* RECORDED DATA:
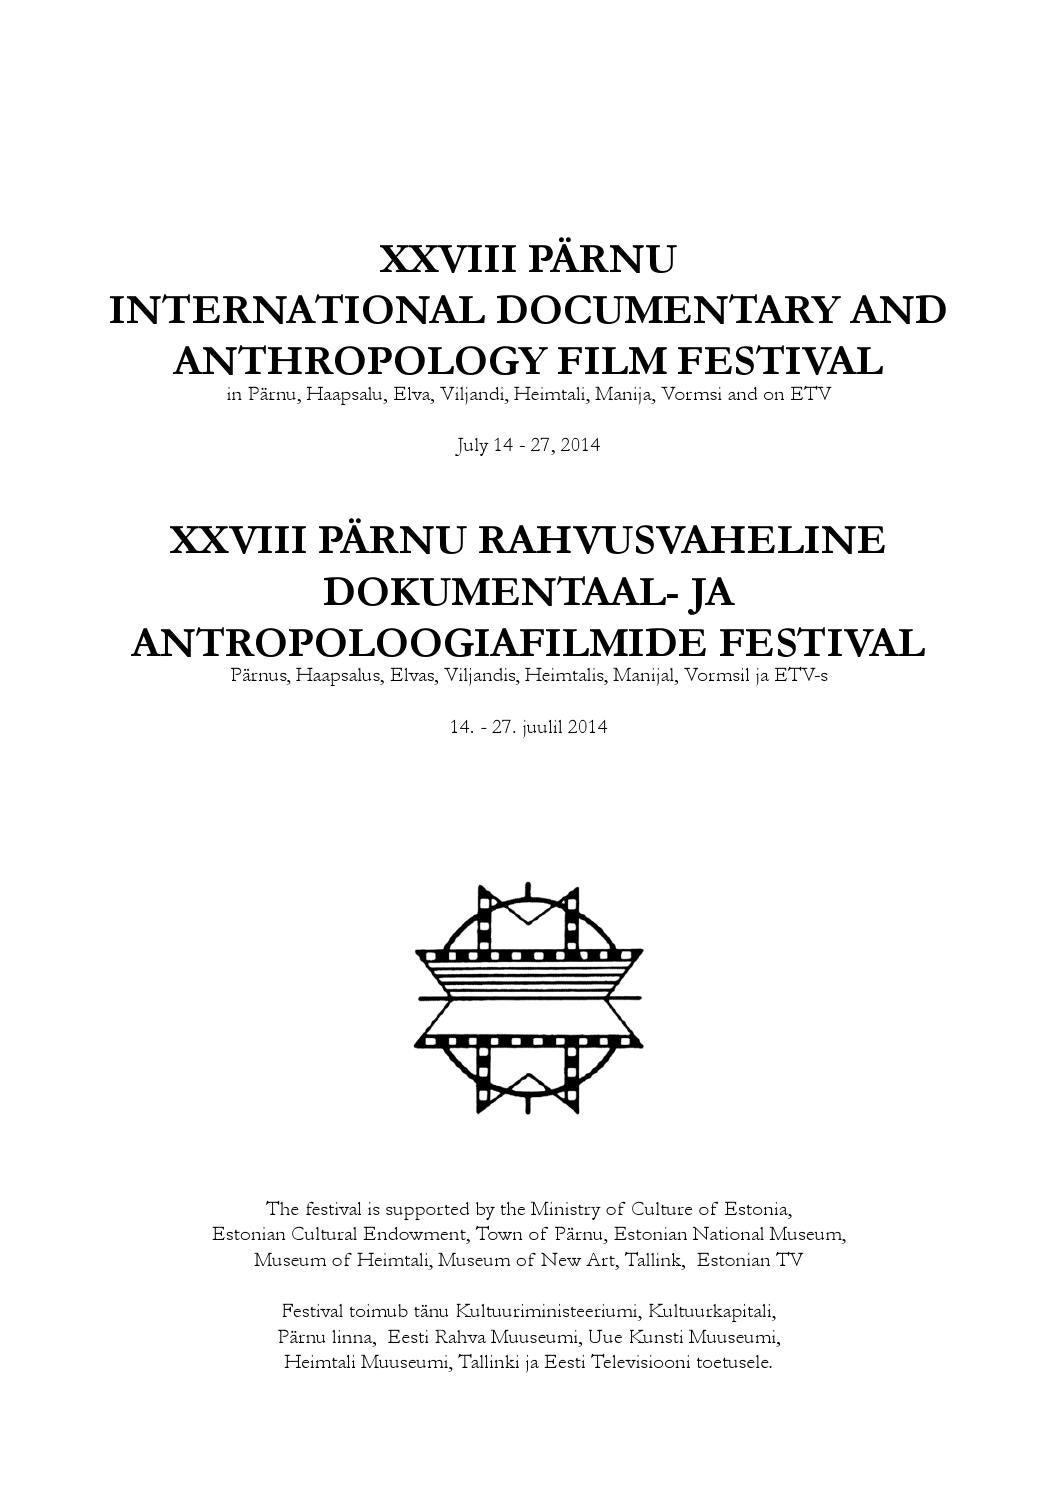 Chondroitiin ja glukoosamiini kompleks
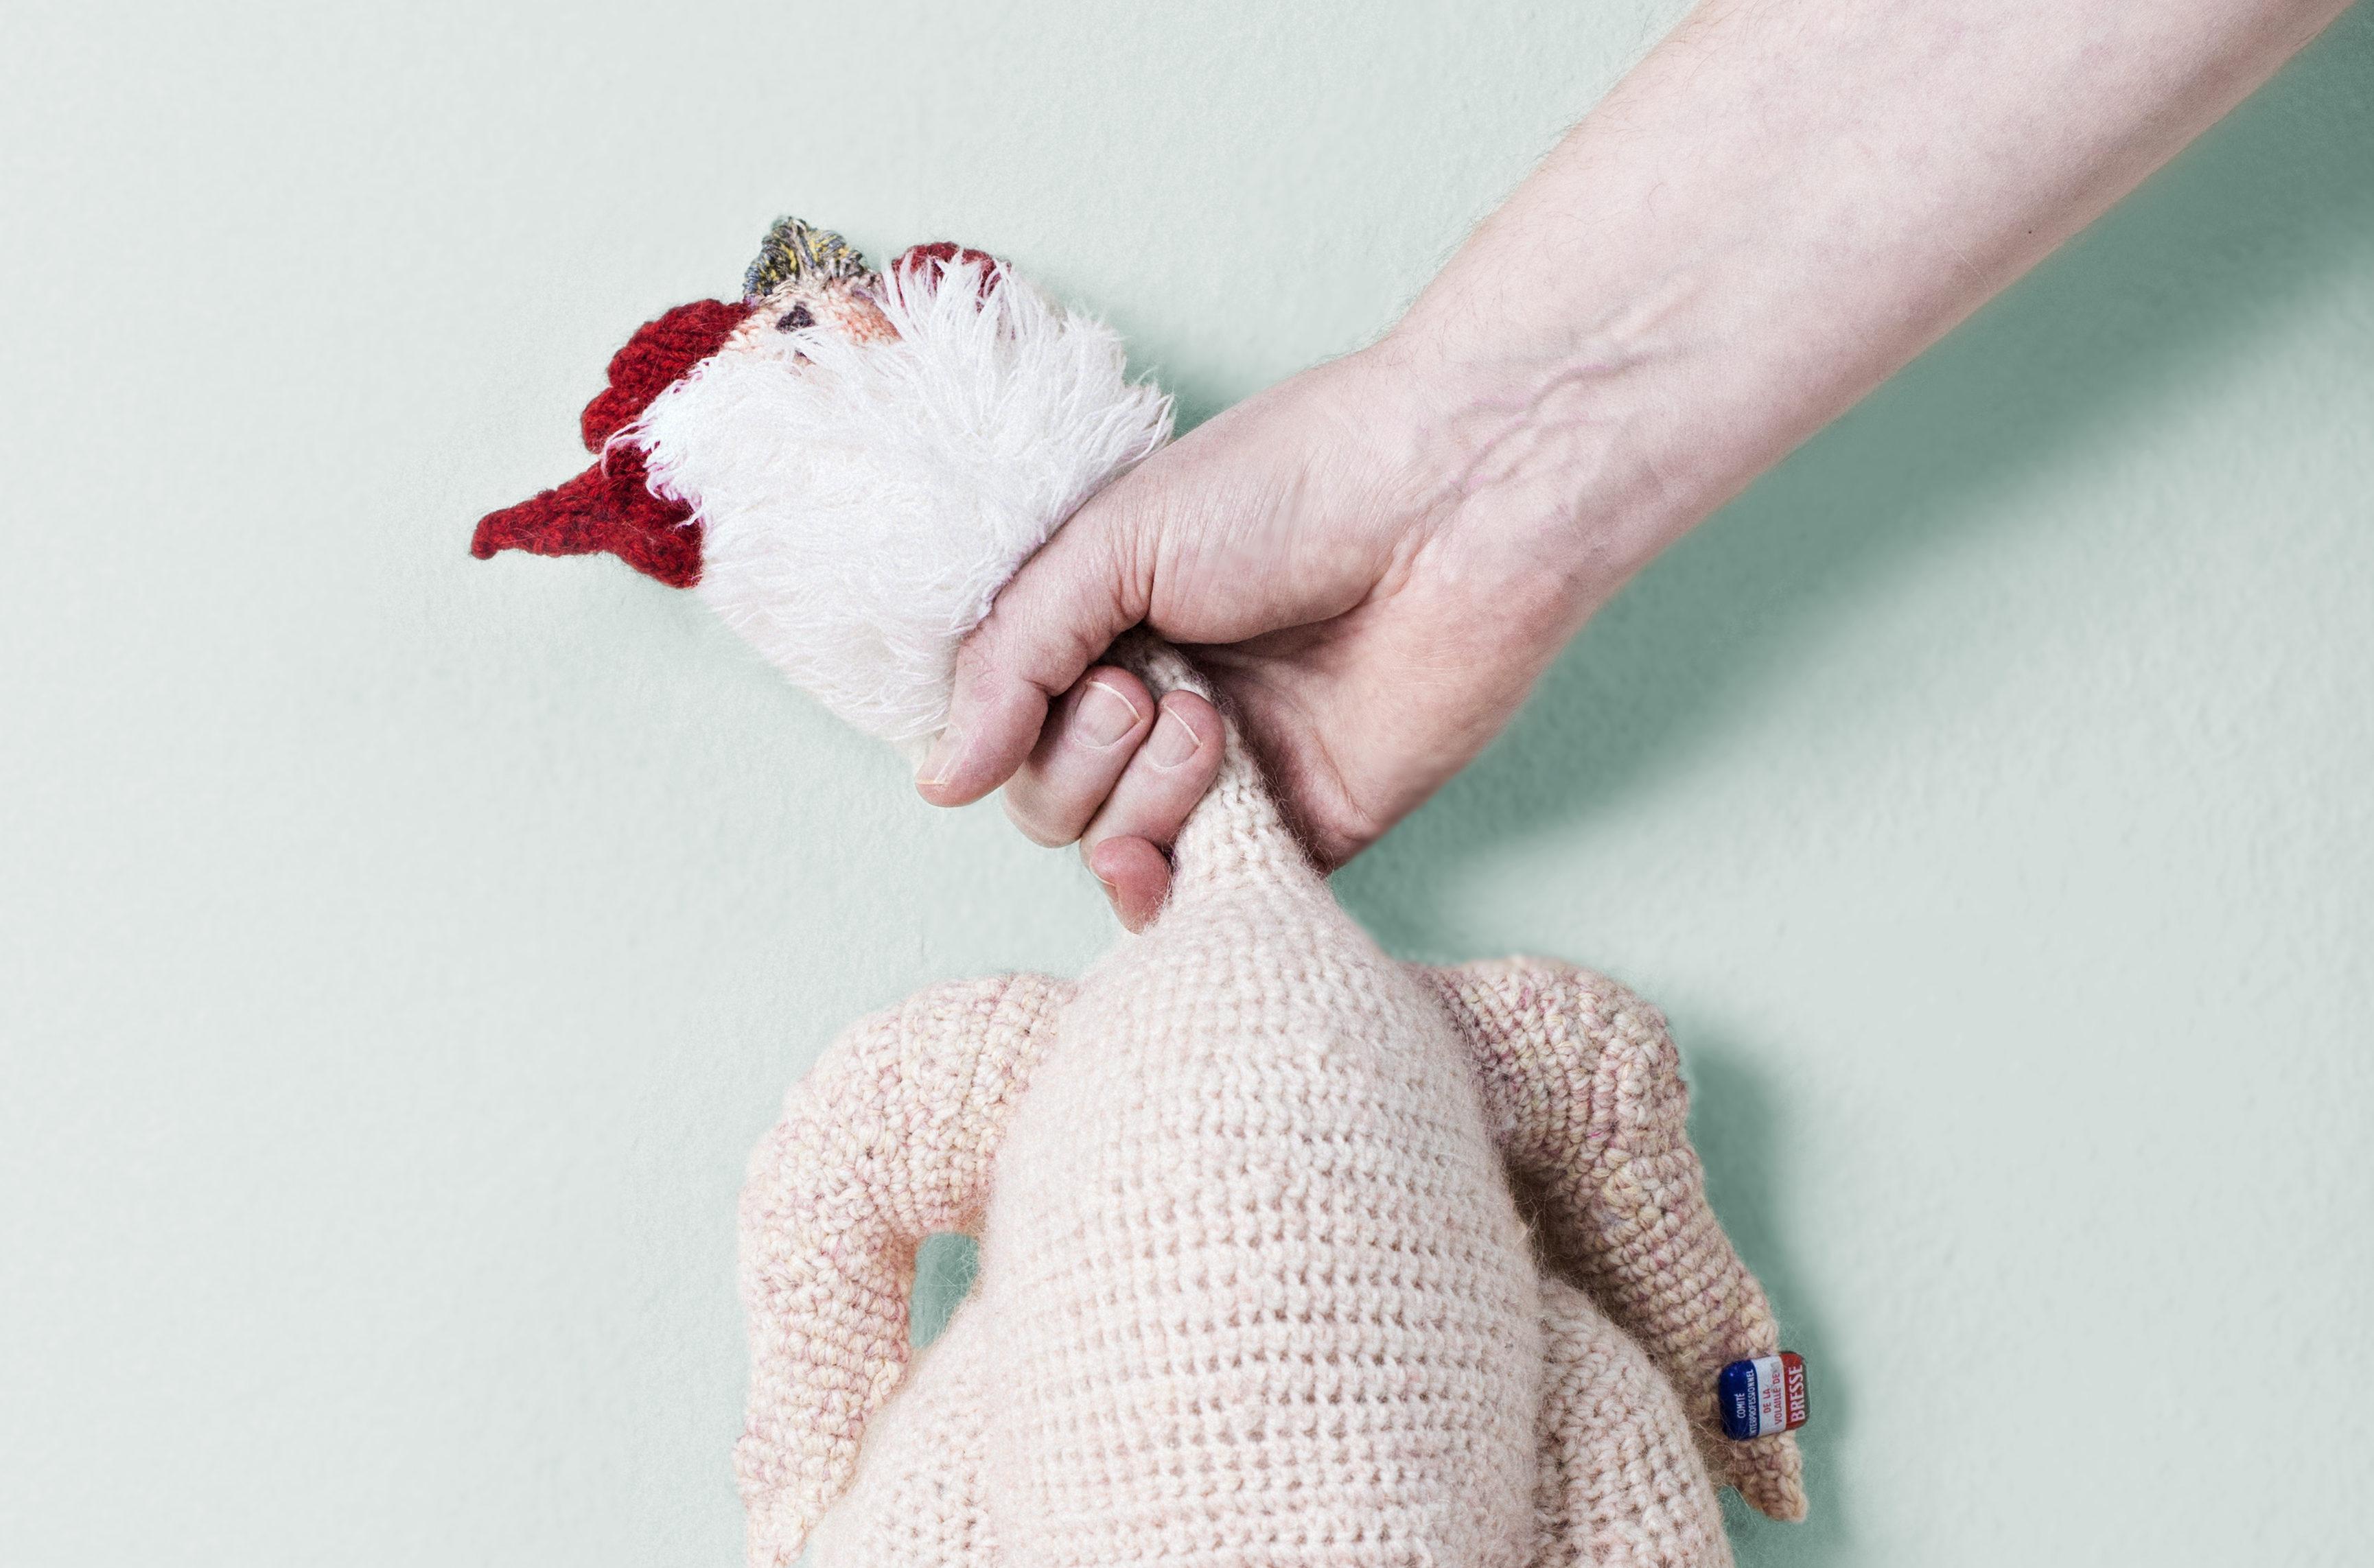 Diesem Huhn gehts an die Gurgel. (Bild: Mojca Vidmar)
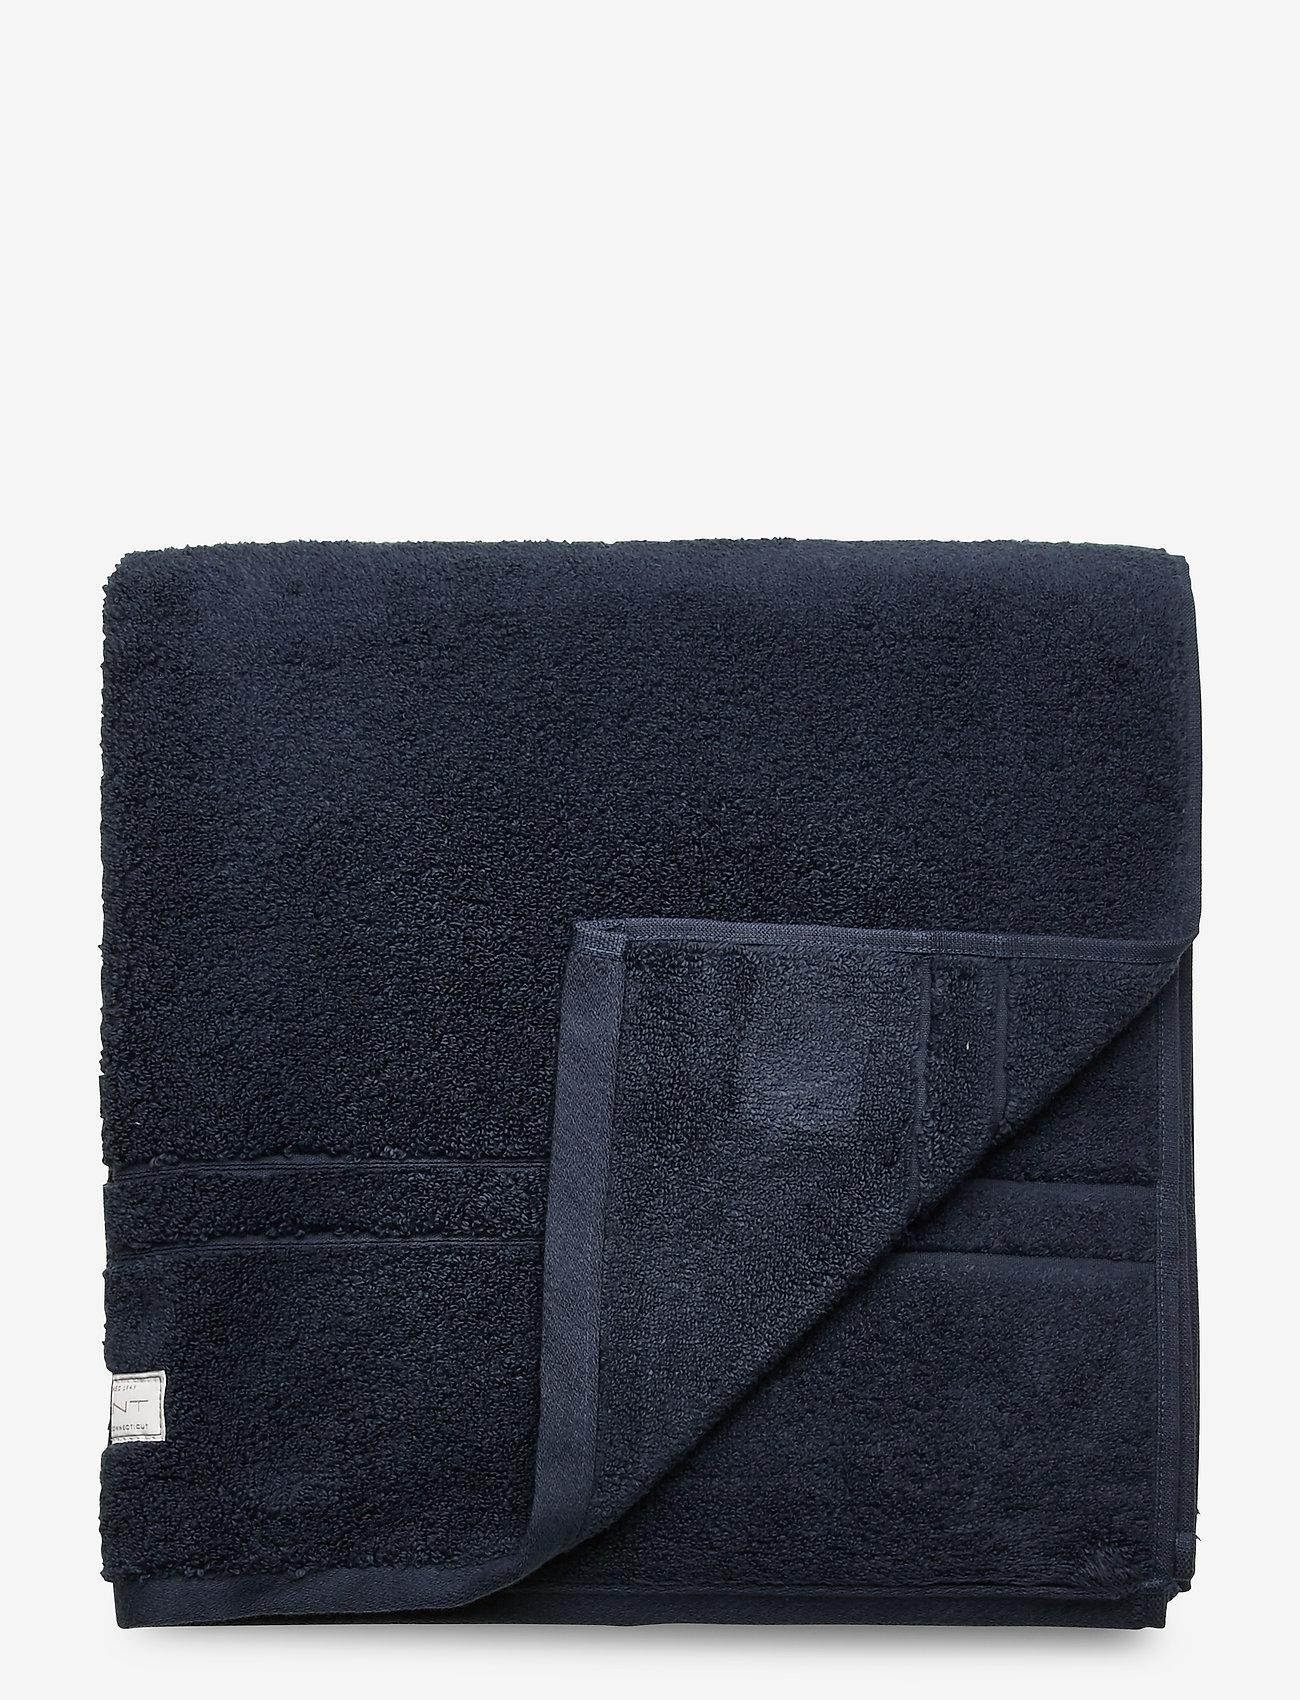 GANT - PREMIUM TOWEL 70X140 - hand towels & bath towels - sateen blue - 0

* WHAT YOU WILL DO:
Reproduce the whole listing exactly, but not the images in it.

* OUTPUT:
 Chondroitiin ja glukoosamiini kompleks
 Diesem Huhn gehts an die Gurgel. (Bild: Mojca Vidmar)
 GANT - PREMIUM TOWEL 70X140 - hand towels & bath towels - sateen blue - 0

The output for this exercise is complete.